The stress hormones do indeed stick around for a while.

My experience with methylone was not sleeping for 4 days, mild psychosis, and HPPD forever thereafter, suppose the not sleeping part fits pretty well if it's a beta agonist. I would love to know the neurotoxicity of it, or if the toxicity is mostly related to the sympathetic stimulation. I seem to not be able to handle any sort of adrenaline anymore, even caffeine gives me horrible side effects.

 

[sekio]

I would suspect the damage, if any, came from staying awake for 4 days. It's been my long standing belief that most anxiety related "damage" from MDxx is psychological, not a manifestation of physical damage.

MDMA is actually far more persistent in the body than its effects profile would indicate, and yet it generally does not cause super strong insomnia unless recklessly dosed. So it's not due to monoamine release alone. Like others have stated I would suspect that methylone or its ephedrine metabolites would be good adrenergic (alpha or beta) agonists. Combined with large scale NE release and consequent 5HT depletion after the peak, I'd expect the insomnia generating effects to be amplified relative to MDMA - even though as a more polar molecule, you would expect methylone & metabolites to be excreted faster than MDMA.

Oh, also, it could also be due to methylone's higher affinity for causing NE release than MDMA does?

 

[Fractality]

I would suspect the damage, if any, came from staying awake for 4 days. It's been my long standing belief that most anxiety related "damage" from MDxx is psychological, not a manifestation of physical damage.

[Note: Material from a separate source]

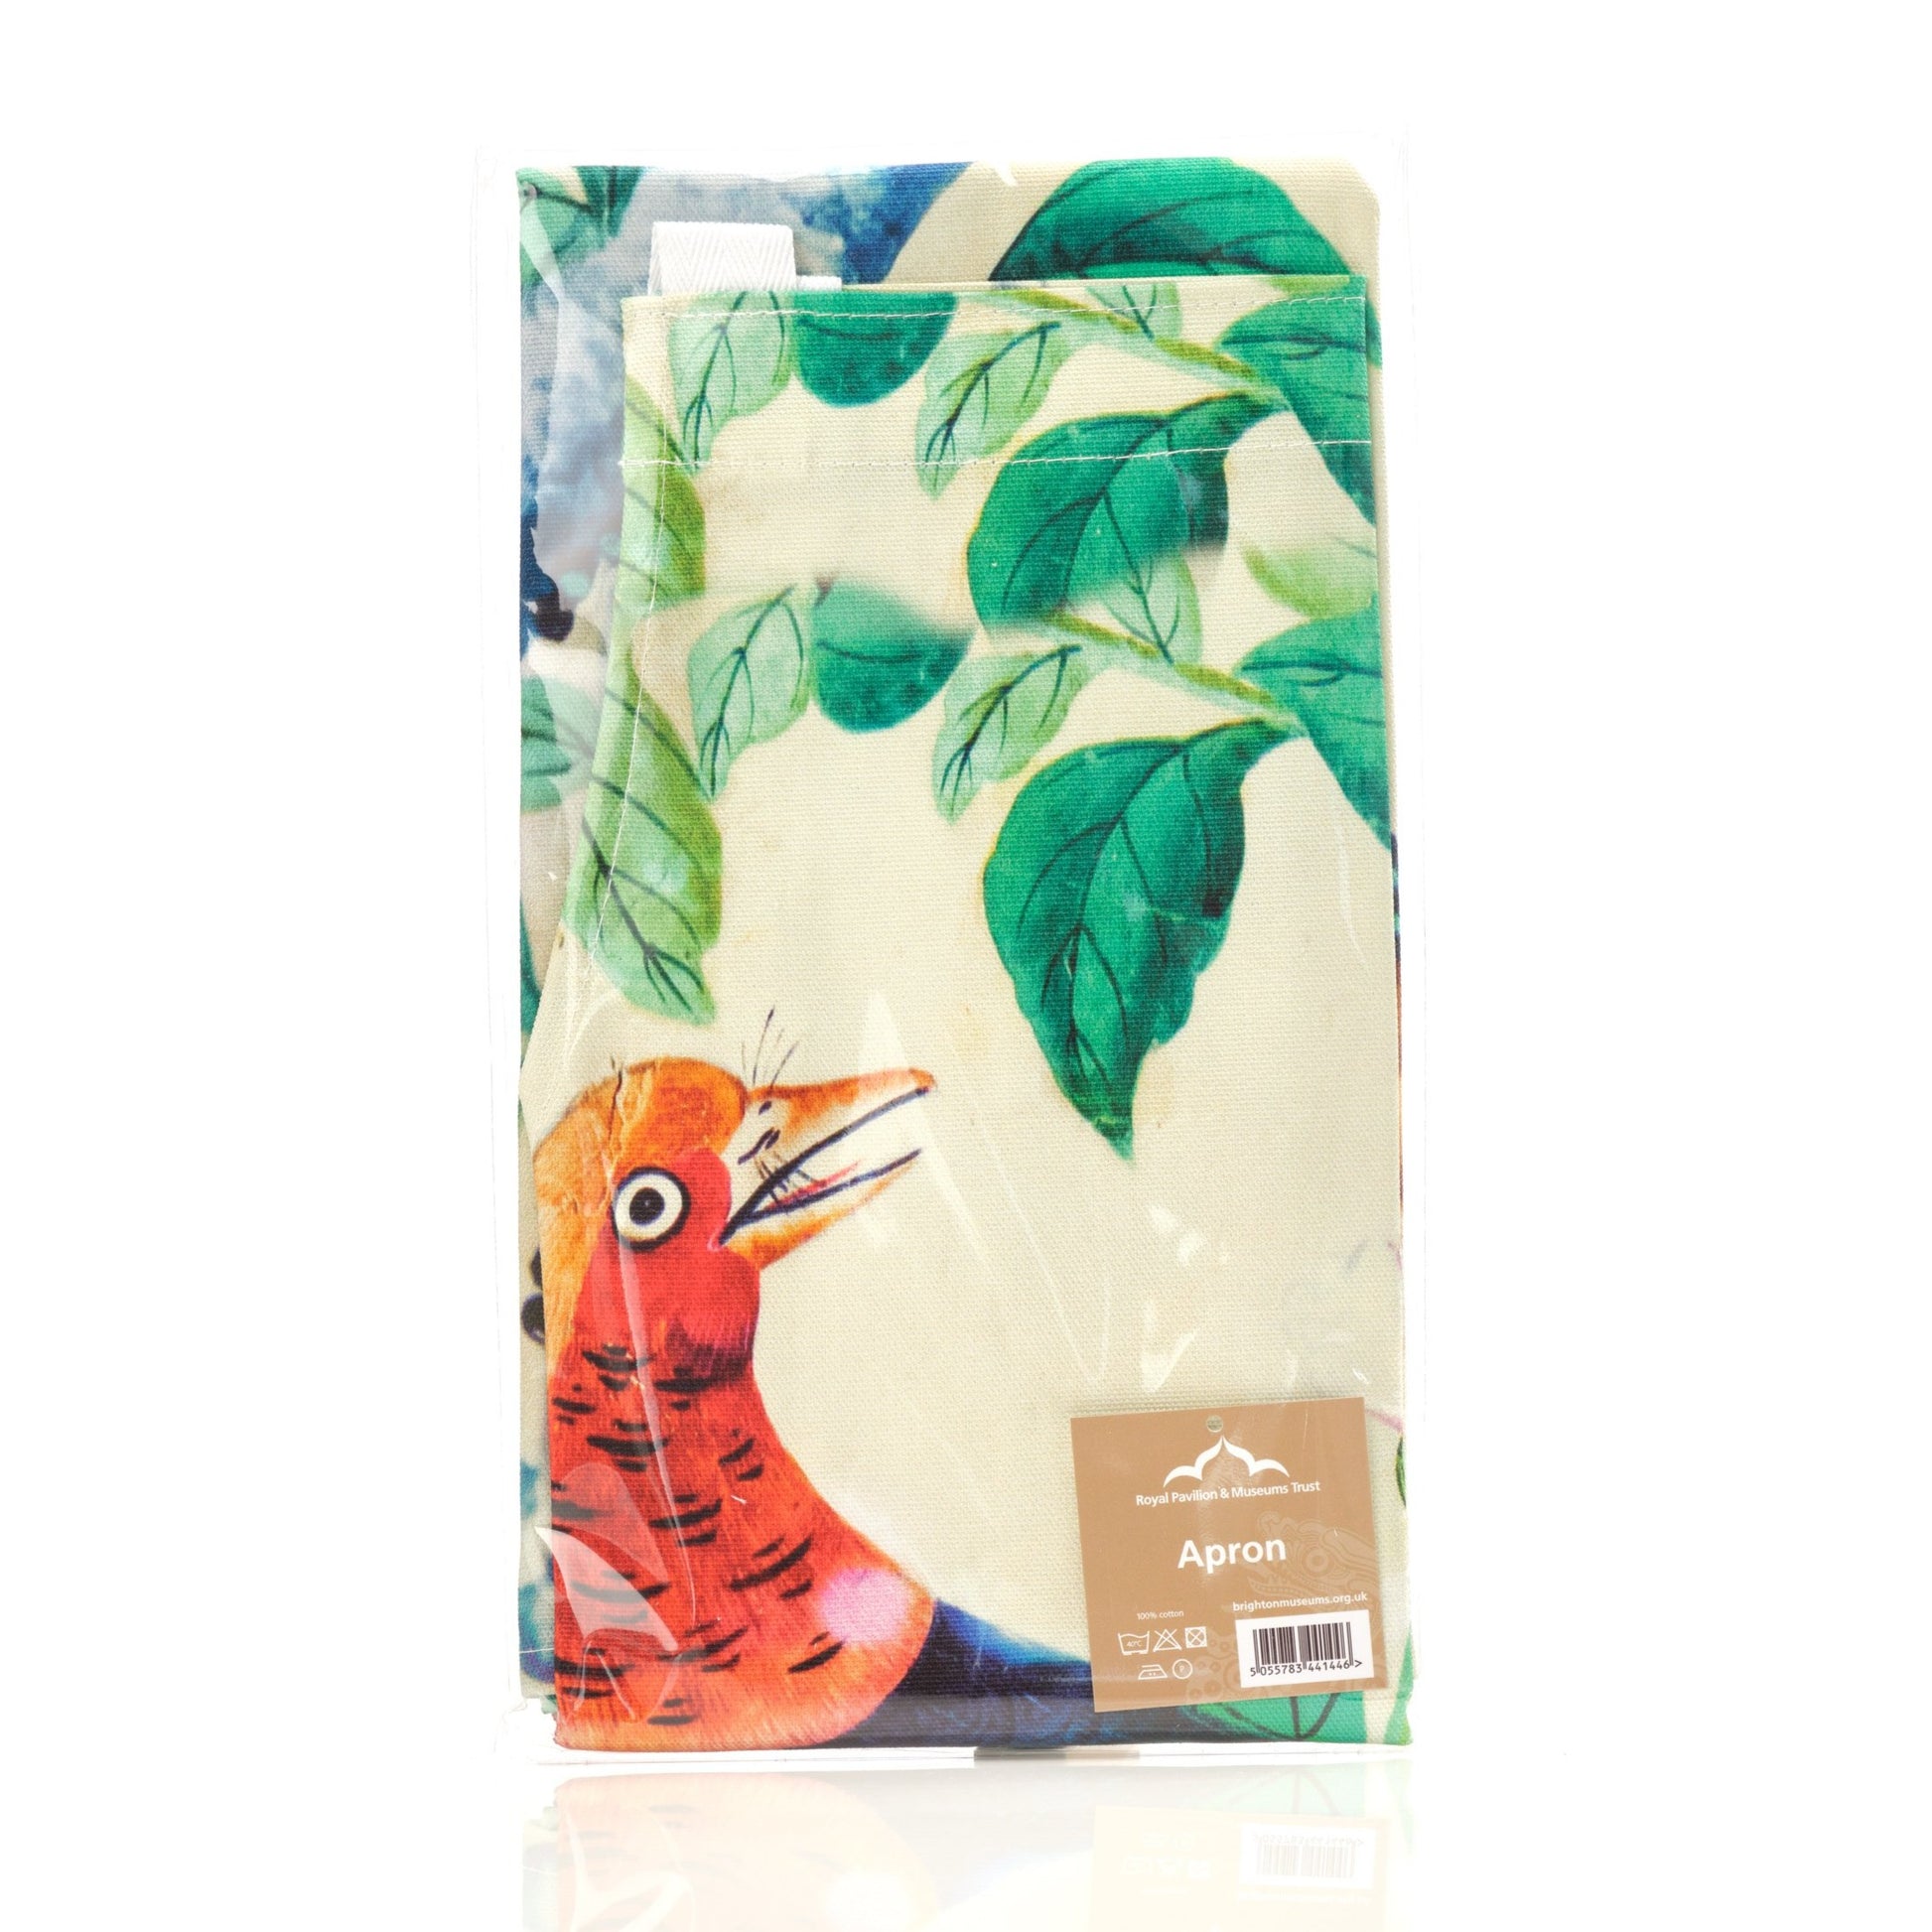 Folded apron with red bird's head and green leaves on pastel yellow fabric. Paper label with barcode in bottom right hand corner.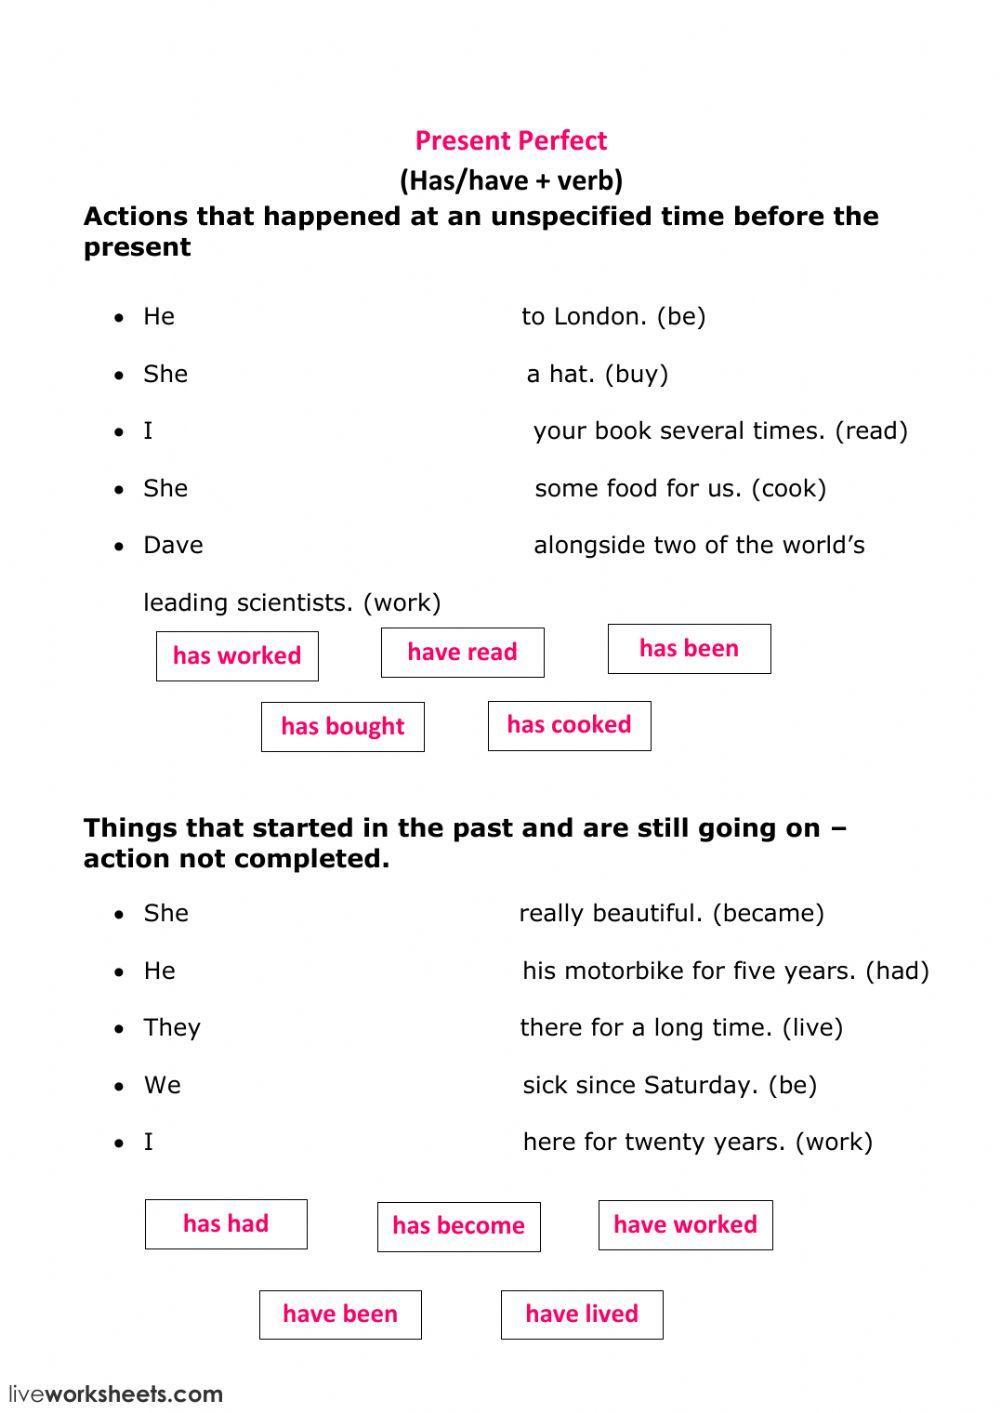 Present Perfect Tense Rules

Can you elaborate further? Typically, the MDxx experience is psychologically positive, so why would there be negative after-effects related to that? Or are you implying that when one returns to baseline, one misses the psychological state that MDxx provides, and that in turn causes anxiety?

 

[aced126]

He is saying that whenever people get anxiety, they always want to blame it on something and MDxx is something you can easily blame it on (as there are so many stories of people suffering from anxiety after MDxx abuse).

 

[Dresden]

Oh, also, it could also be due to methylone's higher affinity for causing NE release than MDMA does?

This.

 

[aced126]

This.

On wikipedia it says it has the same affinity as MDMA at DAT and NET, but 3x less at SERT. Obviously the higher dose could explain it, but I feel like after some time the NE response should be over, and there are other contributing factors at work.

 

[Dresden]

Well, yeah, the molecule of methylone itself has a benzyl oxo group which is reduced to a benyzl hydroxy group. Both of these benzyl oxy substituents contribute to methylone's adrenergic effects and are not an issue with MDMA or MDA.

ADRENALINE aka EPINEPHRINE

A MAJOR METHYLONE METABOLITE

Comparing the molecular structures of these compounds is highly instructive with respect to answering this question and leaves little doubt in my mind about what that correct answer is, but I will admit to being quite the member of the chemical structuralist school of pharmacological thought and design.

 

[dopamimetic]

I'd still say that it is mostly the methylendioxynorephedrine(?) metabolite causing the residual stimulation, as is the case with 3/4-MMC.